An issue compounding some companies' losses is the large price disparity present between different system nodes. Companies that inject in areas with low marginal costs due to a high presence of renewables, but deliver in areas where prices are more expensive, or at a higher price set by a PPA, can incur big losses and become insolvent, warned Acera. 

Last year saw two firms declare insolvency due to this issue. Those concerns are now ballooning into an industry-wide issue that could turn into a crisis, according to Acera.

"The situation could keep growing if urgent measures are not taken," Jaime Toledo, Acera's president, told the senate committee. "The market rules [of marginal cost] applied in Chile were conceived for a thermal and hydroelectric market, where nobody considered a high penetration of renewable energy with a variable cost of zero."

"This makes it impossible for firms to cover their operational costs and the cost of the investment. Today, firms are exposed to this cost of zero about 20% of the time, and in 2022 firms lost US$706mn [in total]. This is jeopardizing the viability of the business," he said.

According to Toledo, some of Acera's members, including an unnamed firm with over 1GW of installed renewable capacity, are facing a disparity so large that their bottom line has turned negative, and they bled money last year. The aforementioned company posted a US$36mn loss, because despite earning US$185mn from its injections into the system, it had to pay US$211mn plus grid-related costs to fulfill its PPA contracts.

A strained power grid

Figureheads from different parts of the industry, including Acera and small and medium generator trade group GPM, as well as environmental advocacy group Chile Sustentable, pointed to the latest report by CEN on grid security, from December, as a microcosm of the issues facing the local power sector.
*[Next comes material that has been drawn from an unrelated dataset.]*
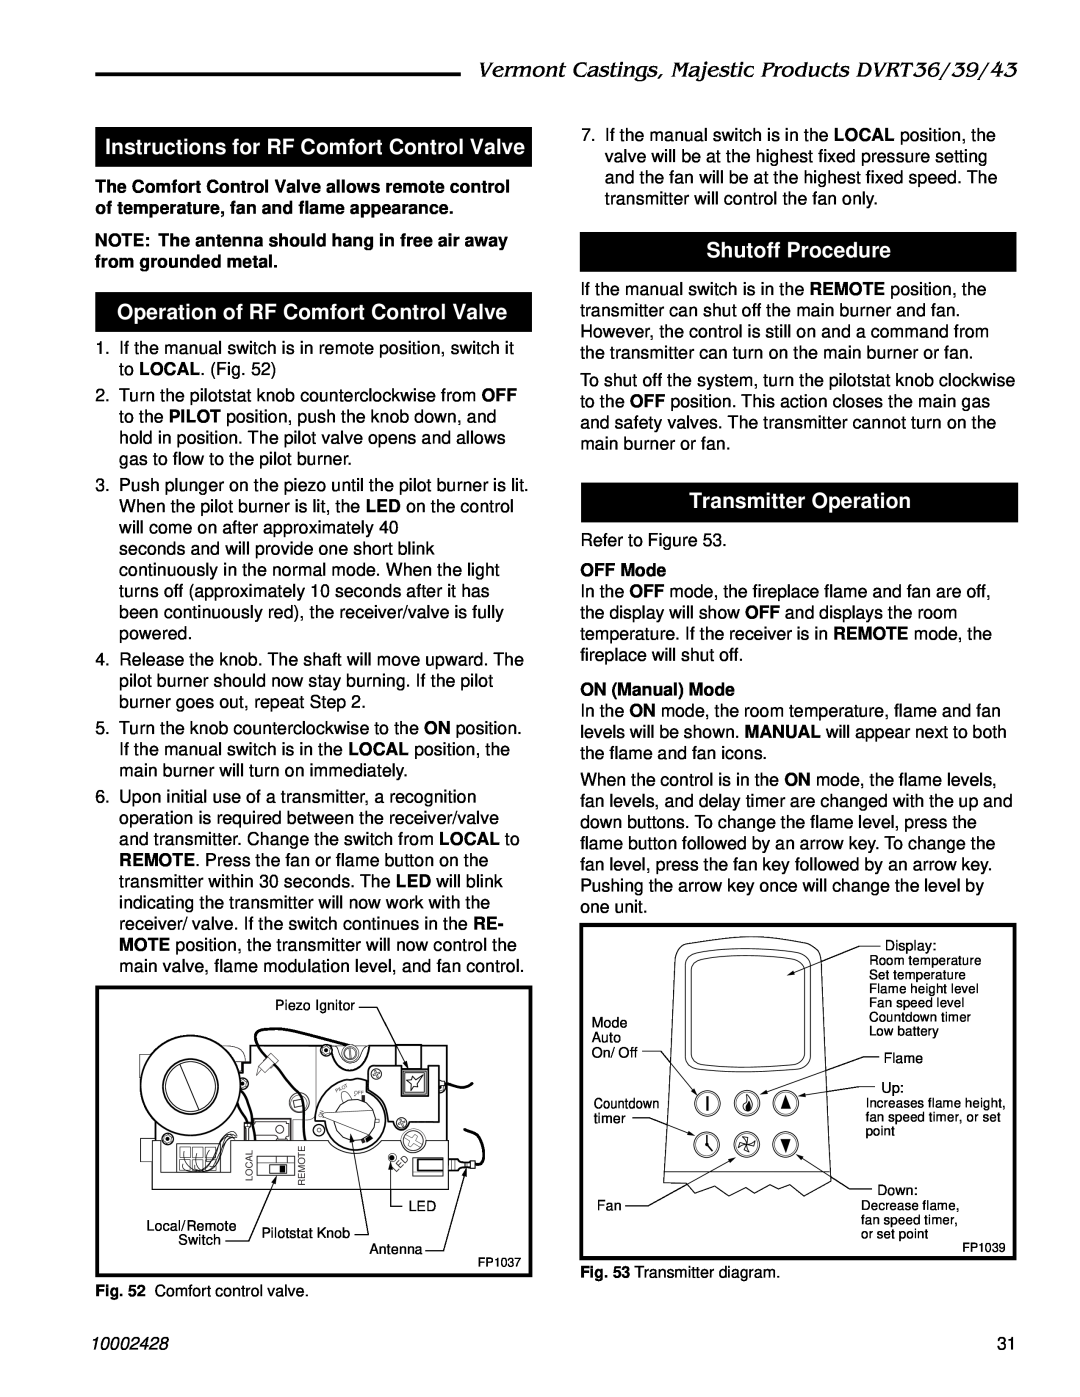 Vermont Casting DVRT36 Instructions for RF Comfort Control Valve, Operation of RF Comfort Control Valve, Shutoff Procedure

The report concluded that, much as in 2022, Chile is again at risk of supply interruptions due to low expected rainfall and saturated transmission lines, and recommended a series of prevention measures that some in the industry have deemed to be out of touch, due to their strong focus on thermal power solutions, and not on freeing up transmission roadblocks and renewables.

Early last year, CEN authorities became concerned that, given low rainfall expectations and the international fuel crisis, Chile could face power shortages. The energy ministry published an emergency decree that enabled power rationing, and authorities are debating whether the decree should be extended.

"It is a great paradox that, in a country that is dumping green, renewable, clean, non-polluting power, our energy supply is at risk, and the measures taken to solve the issue return to the thermal mindset, with measures focused on diesel, coal and gas," Toledo said.

A transmission reform "is not a short-term solution," Seebach said. "In the short term, we cannot ignore that we are in the context of a global energy crisis, that we have transmission issues, and therefore storage is one of the most urgent points that can help us alleviate the issue in the here and now."